Well you know something? I've been Prime Minister for a year now and I've learnt one thing. And that is, you blokes who look really ugly with beards belong to the Special Forces.
[Laughter]
And blokes without beards don't.
It's good to see this operation again as I was here this time last year.
You know, that was a very impressive display of fire power and an impressive display of what you do when you harness the kinetic force of this operation again an enemy.
I know enough about what you've been doing the last 12 months to know that that is not just for show for visits by the Chief of the Defence Force and myself today but that is what you actually deploy in the field.
And this is an ugly operating environment. It doesn't look a bit like the Gold Coast to me. And can I say, each time you've lost one of yours we go through it, and we have a report from the Chief of the Defence Force about what happened and about who you're up against and how ugly it was.
And what I want you to know, as your Prime Minister, is that each of us who sit around a table and listen to that take it very personally.
So when you're out there in this God-forsaken part of the world, doing your stuff, you need to know that back home, not just the nation's behind you, the people running the show like the Defence Force Chief are behind you and the Government is behind you as well.
What I admire about what you blokes do is that it is full of skill. What you just displayed [inaudible].
I know enough about what you deploy and what you do but skill is one thing [inaudible].
[Aircraft noise obscures audio]
...and again, saying goodbye to one of your own. I've been there too often.
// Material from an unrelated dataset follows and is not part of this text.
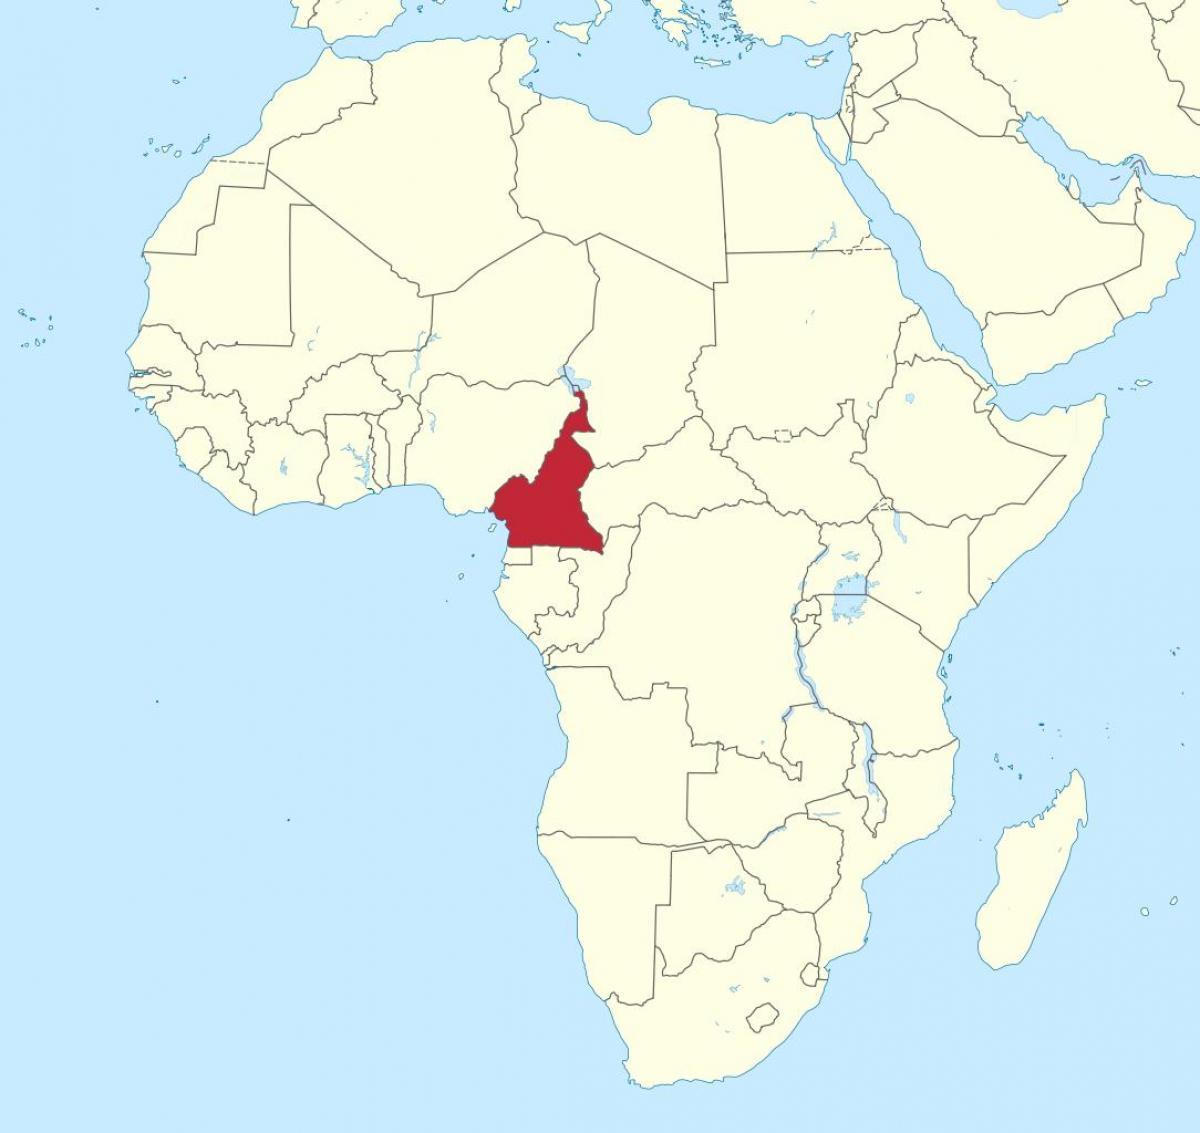 Cameroun I Vestafrika Kort Kort Over Cameroun I Vestafrika

Look after yourselves, be careful, do your job.
And I haven't brought it out with me but what I've brought from Australia is, is, is - I was going to bring a crate load of beer but that wasn't allowed.
[Laughter]
I was going to bring a smaller crate load of something harder than that and that wasn't allowed either.
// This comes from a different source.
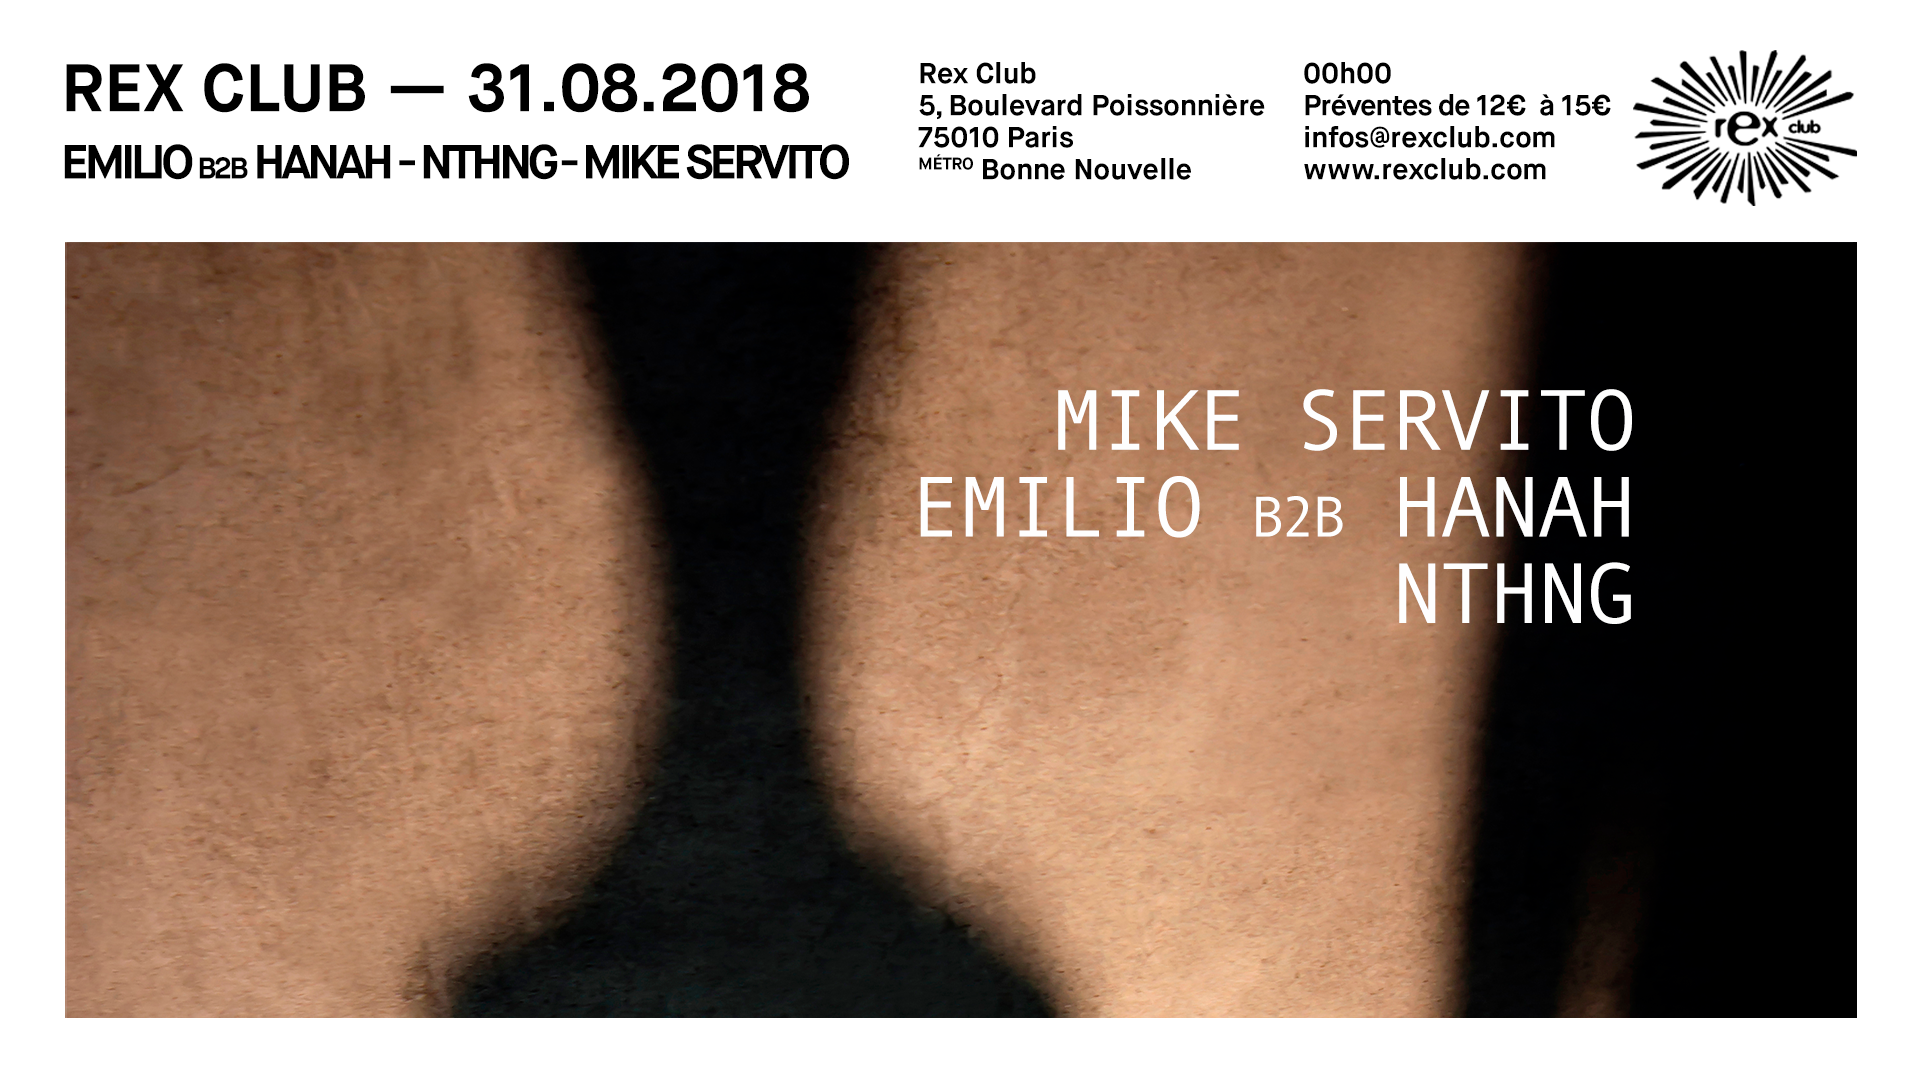 20180831_rex_club_mike_servito_facebook_event_banner_1920x1080

But the Test Series is coming up so for the Boxing Day Test between you blokes and the reconstruction fellas down the hill, there is a brand new cricket kit for each of you. Bats, balls, wicket keeper's gloves, pads, and - given that I understand that some people here are of a serious standard - protectors as well. So it is all there.
When I was out at Holsworthy the other day, I ran into two ladies who asked me to plant a kiss on the cheeks of Sergeant [inaudible].